The general metabolism and actions of vitamin D are well-established [23]. Vitamin D has 2 forms (D2 and D3), which differ chemically in their side chains. Vitamin D2 is obtained from daily diet such as oil-rich fish [24]. Vitamin D3 is produced in the skin from 7-dehydrocholesterol by UV irradiation. Due to the COVID-19 pandemic, many negative effects on lifestyle choices were reported [25]. A study conducted by Xiang et al [26] in 2426 children and adolescents from China reported a substantial decrease in physical activity and increase in screen time during the COVID-19 pandemic. Another study, conducted in Italy, also reported significantly less time spent in sports activities [27]. The home confinement and decreased physical activity during the COVID-19 pandemic thus resulted in inadequate exposure to sunlight, which can lead to decreased serum vitamin D levels. Moreover, studies also reported that red meat, high-sugar and high-fat diets, and sugary drink intakes increased significantly during the lockdown and school closure [25,26,28]. The daily diet changes might also promote decreased serum vitamin D levels.

The findings of our study that the serum vitamin D level was significantly decreased during COVID-19 pandemic highlight the importance of vitamin D supplementation people under age 18 years. A recent meta-analysis reported that low serum 25 (OH) vitamin D level was strongly associated with an increased risk of COVID-19 infection [29]. Another meta-analysis reported that there was about 3 times higher chance of getting infected with COVID-19 among vitamin D-deficient individuals and about 5 times increased probability of developing severe COVID-19 disease in vitamin D-deficient patients [30]. Improving serum vitamin D levels in people under age 18 years therefore has a potential benefit in reducing the risk of acquiring COVID-19. Grant et al [7] recommended that people at risk of influenza and/or COVID-19 consider taking 10 000 IU/d of vitamin D3 for a few weeks to rapidly raise 25(OH)D concentrations, followed by 5000 IU/d.

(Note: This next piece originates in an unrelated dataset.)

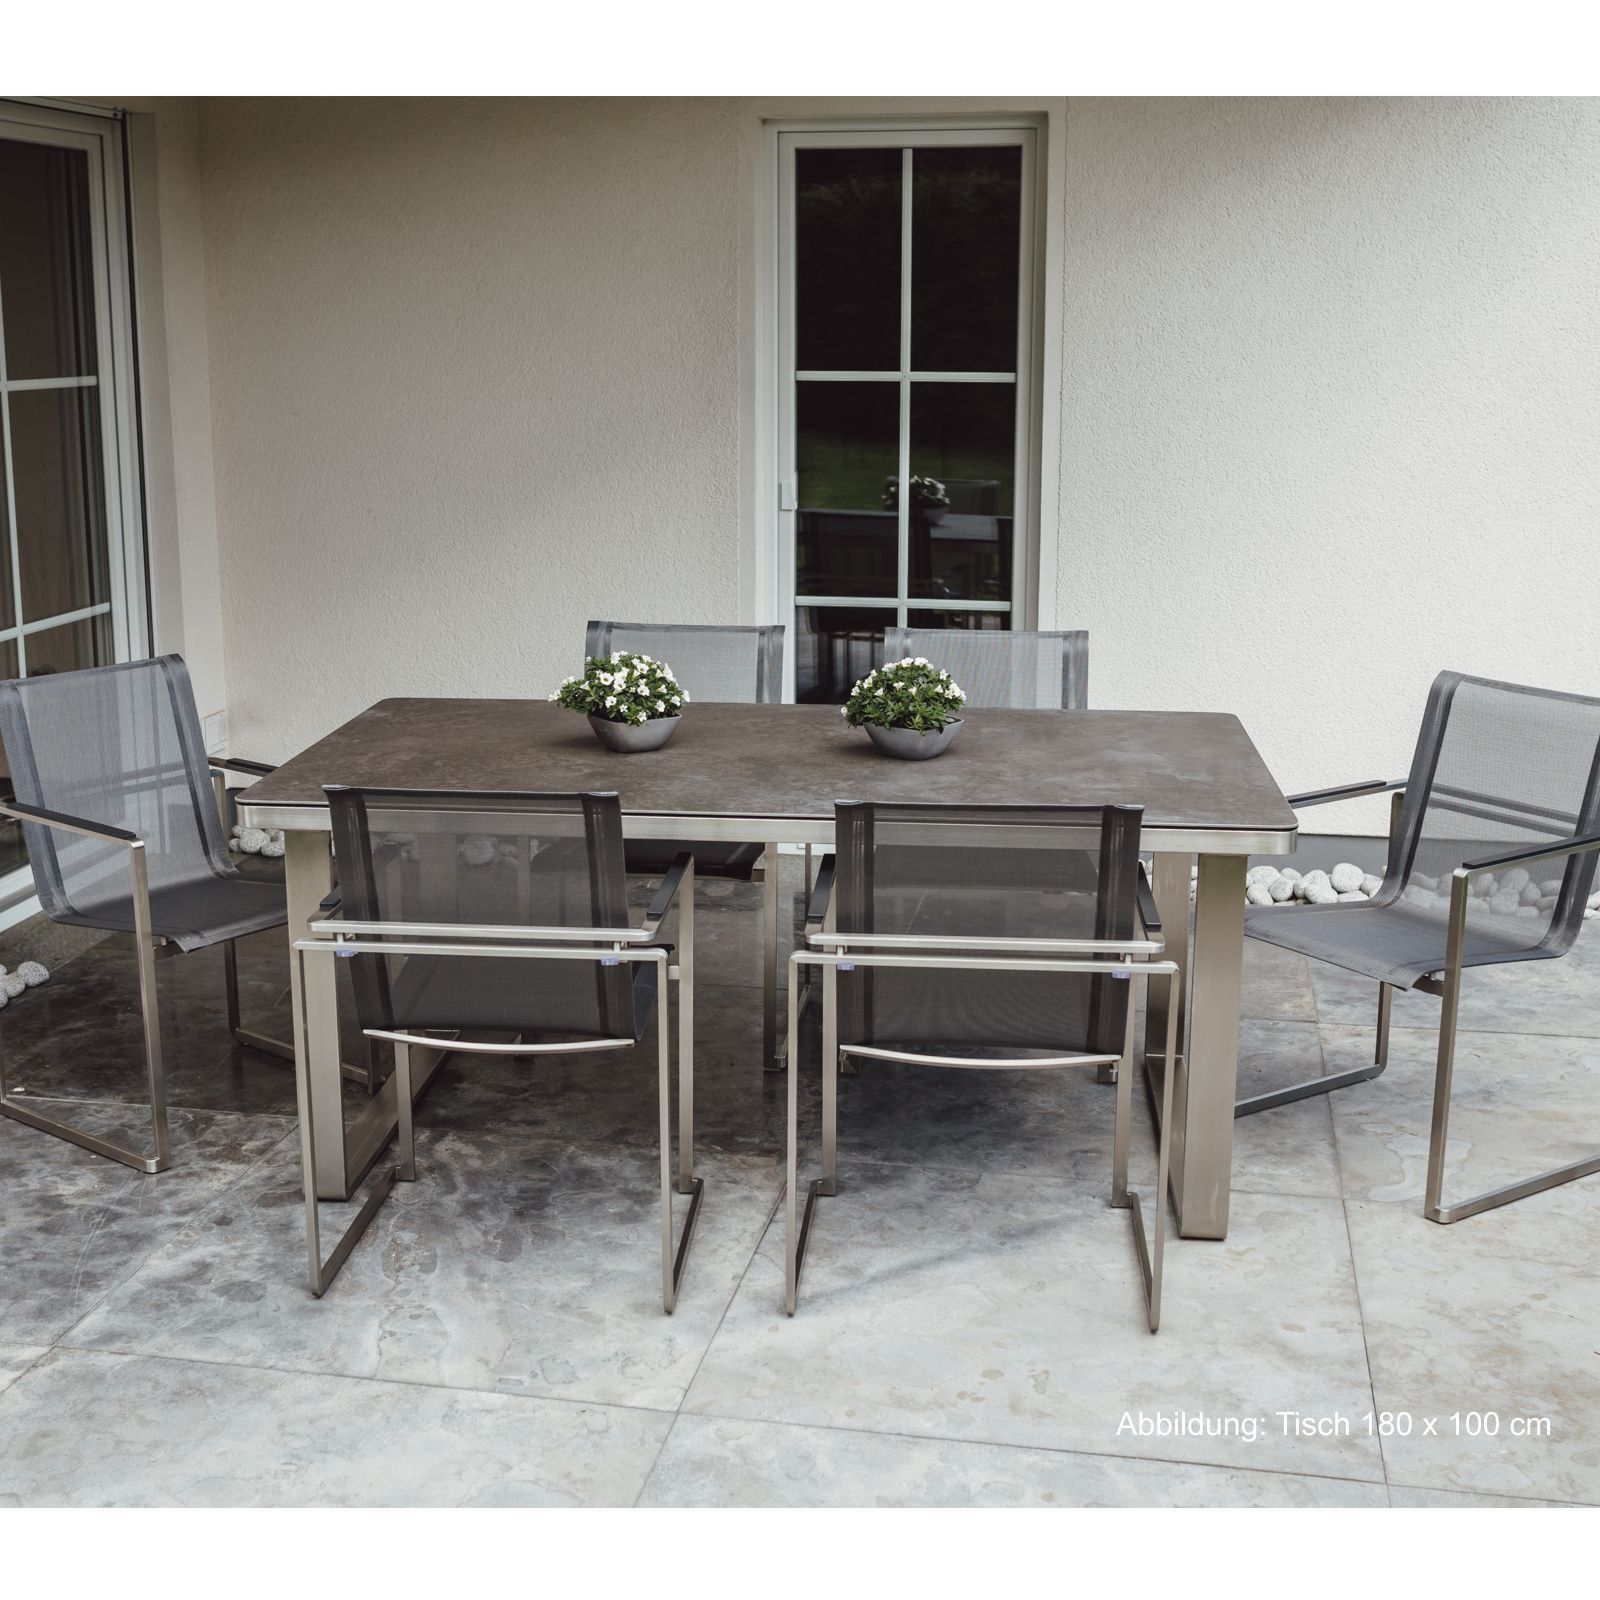 Ensemble de meubles de jardin : 6 chaises et 1 table en acier inoxydable et plateau de table en vitrocéramique

While interpreting the findings in the current study, limitations need to be considered. First, most of the studies did not compare the prior and current COVID-19 period serum vitamin D levels in the same population. Even if the sensitivity analyses and subgroup analyses were performed carefully, the heterogeneities of some comparisons remained substantial. Second, the mean ages of the participants among the 5 included studies varied greatly. Because age has an important effect on living habits, the impact of the COVID-19 pandemic on serum vitamin D levels may be significantly different, such between infants versus kindergarten or elementary school students. However, as described above, 2 studies provided data on infants <1 year and we observed they differed from the entire pediatric population. Third, the serum vitamin D levels might be affected by various factors, such as the season. However, due to the limited number of included studies and the information provided by each study, we could not perform more subgroup analyses. Fourth, potential language bias might exist because we only included articles published in English. Fifth, possible publication bias could not be assessed for all analyses, as a small number of studies were included.

Conclusions

Our meta-analysis provides pooled results based on 5 studies and reported the quantized changes in serum vitamin D levels during the COVID-19 pandemic. Vitamin D supplementation may be needed for people under age 18 years. The measures aimed to reduce the transmission of SARS-CoV-2 need to take into account the detrimental effects on people under age 18 years. Further research should focus the long-term impact of the COVID-19 pandemic on serum vitamin D levels and health outcomes.